Postby arae13 » Fri Jul 27, 2012 4:51 pm

ilovelawtays wrote:
bhan87 wrote:
Scotusnerd wrote:Ok, quick quiz for y'all that think you are good at LSAT logic games. No time limit. Einstein came up with this one back in the 19th century. He said that 98% of the world's population couldn't answer it. Check it out:

ALBERT EINSTEIN'S RIDDLE

ARE YOU IN THE TOP 2% OF INTELLIGENT PEOPLE IN THE WORLD? SOLVE THE RIDDLE AND FIND OUT.

There are no tricks, just pure logic, so good luck and don't give up.

1. In a street there are five houses, painted five different colours.
2. In each house lives a person of different nationality
3. These five homeowners each drink a different kind of beverage, smoke different brand of cigar and keep a different pet.
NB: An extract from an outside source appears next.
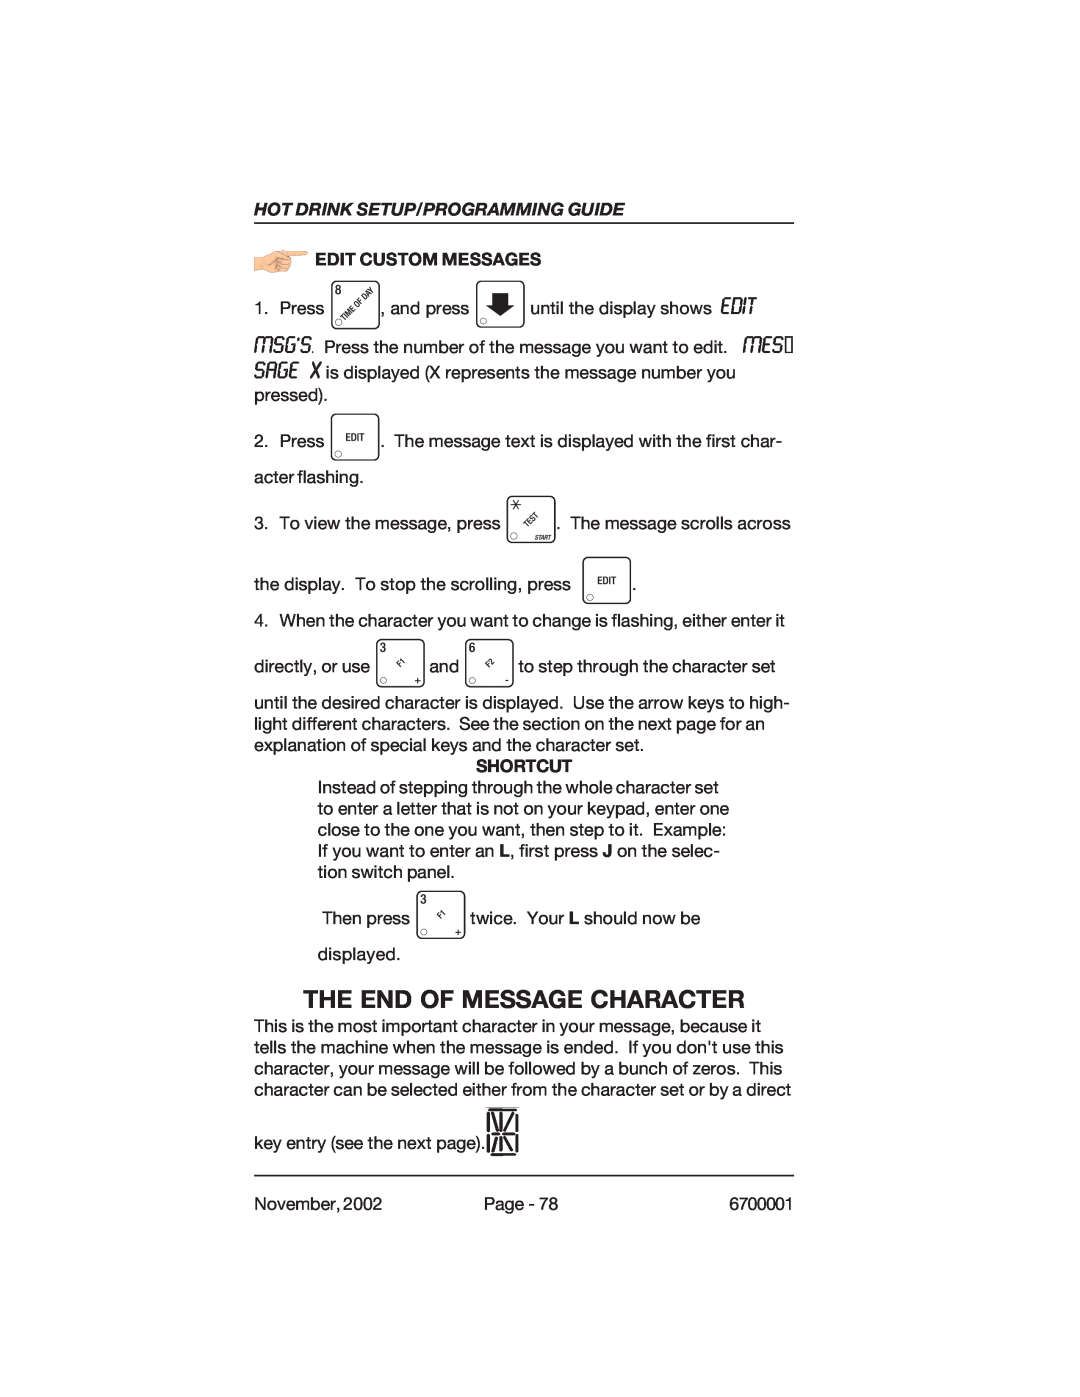 Crane Merchandising Systems 670, 678 manual The End Of Message Character, Edit Custom Messages, Shortcut 
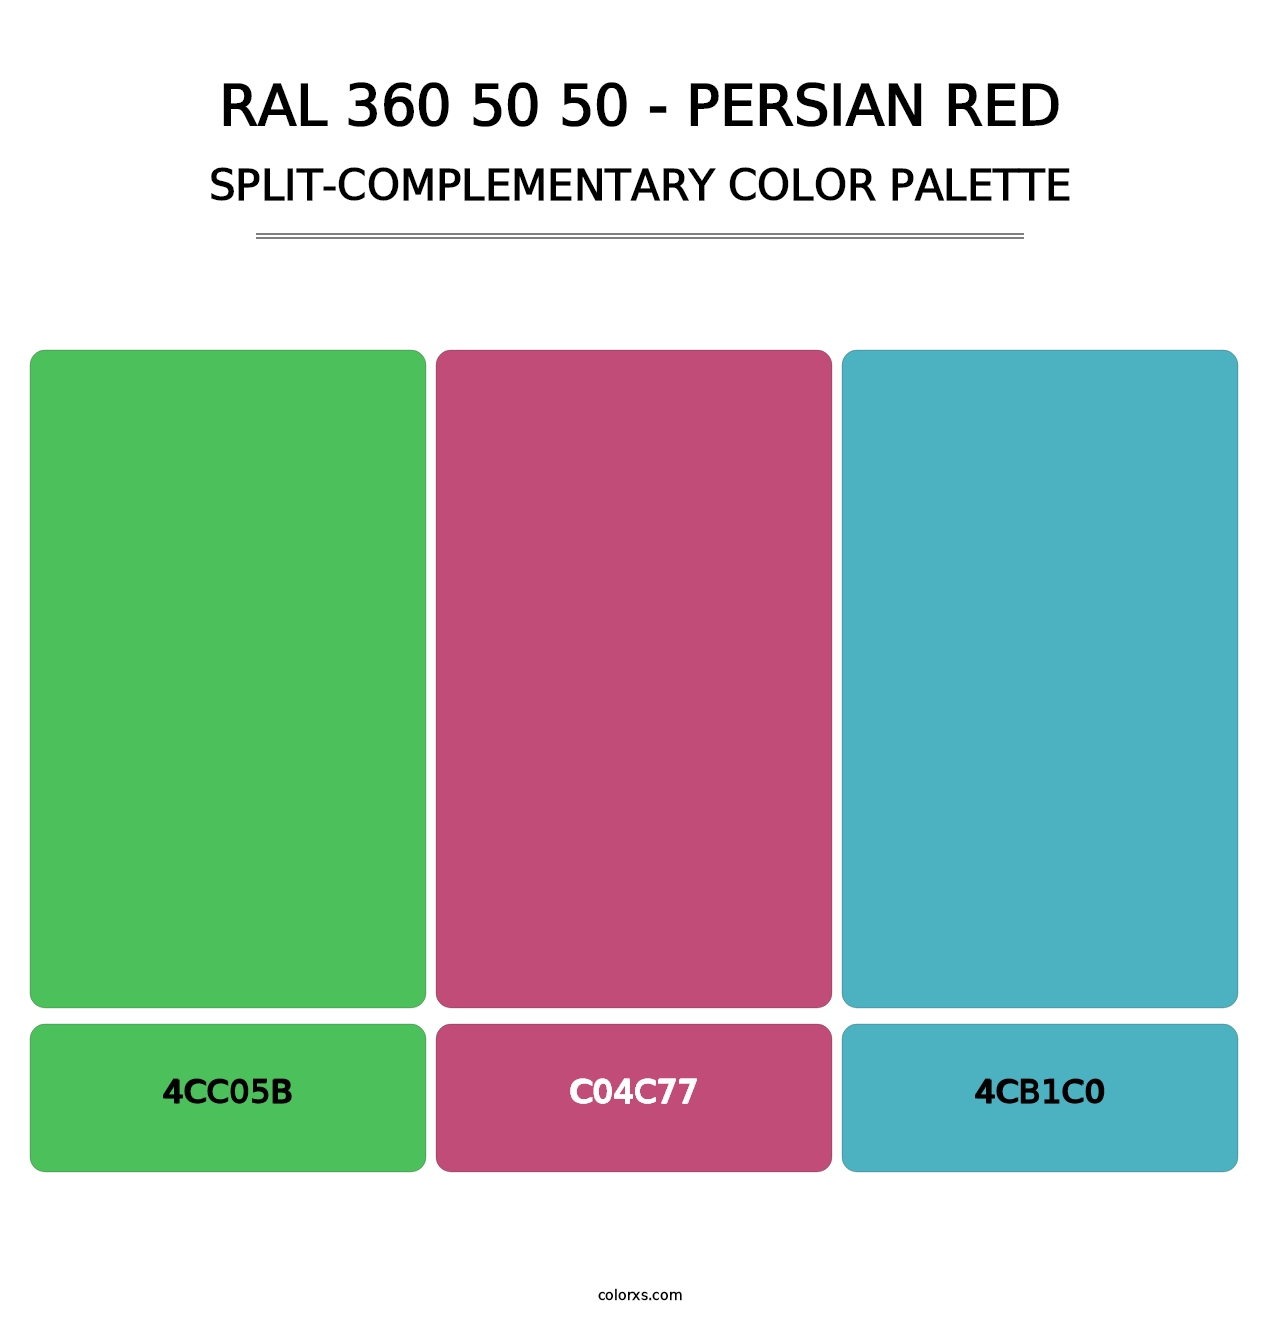 RAL 360 50 50 - Persian Red - Split-Complementary Color Palette

THE QUESTION: WHO OWNS THE FISH?

HINTS

1. The Brit lives in a red house.
2. The Swede keeps dogs as pets.
3. The Dane drinks tea.
4. The Green house is next to, and on the left of the White house.
5. The owner of the Green house drinks coffee.
6. The person who smokes Pall Mall rears birds.
7. The owner of the Yellow house smokes Dunhill.
8. The man living in the centre house drinks milk.
9. The Norwegian lives in the first house.
10. The man who smokes Blends lives next to the one who keeps cats.
11. The man who keeps horses lives next to the man who smokes Dunhill.
12. The man who smokes Blue Master drinks beer.
13. The German smokes Prince.
14. The Norwegian lives next to the blue house.
15. The man who smokes Blends has a neighbour who drinks water.



Please don't post the answer in this topic! If you want to check if you're correct, google Einstein's Riddle.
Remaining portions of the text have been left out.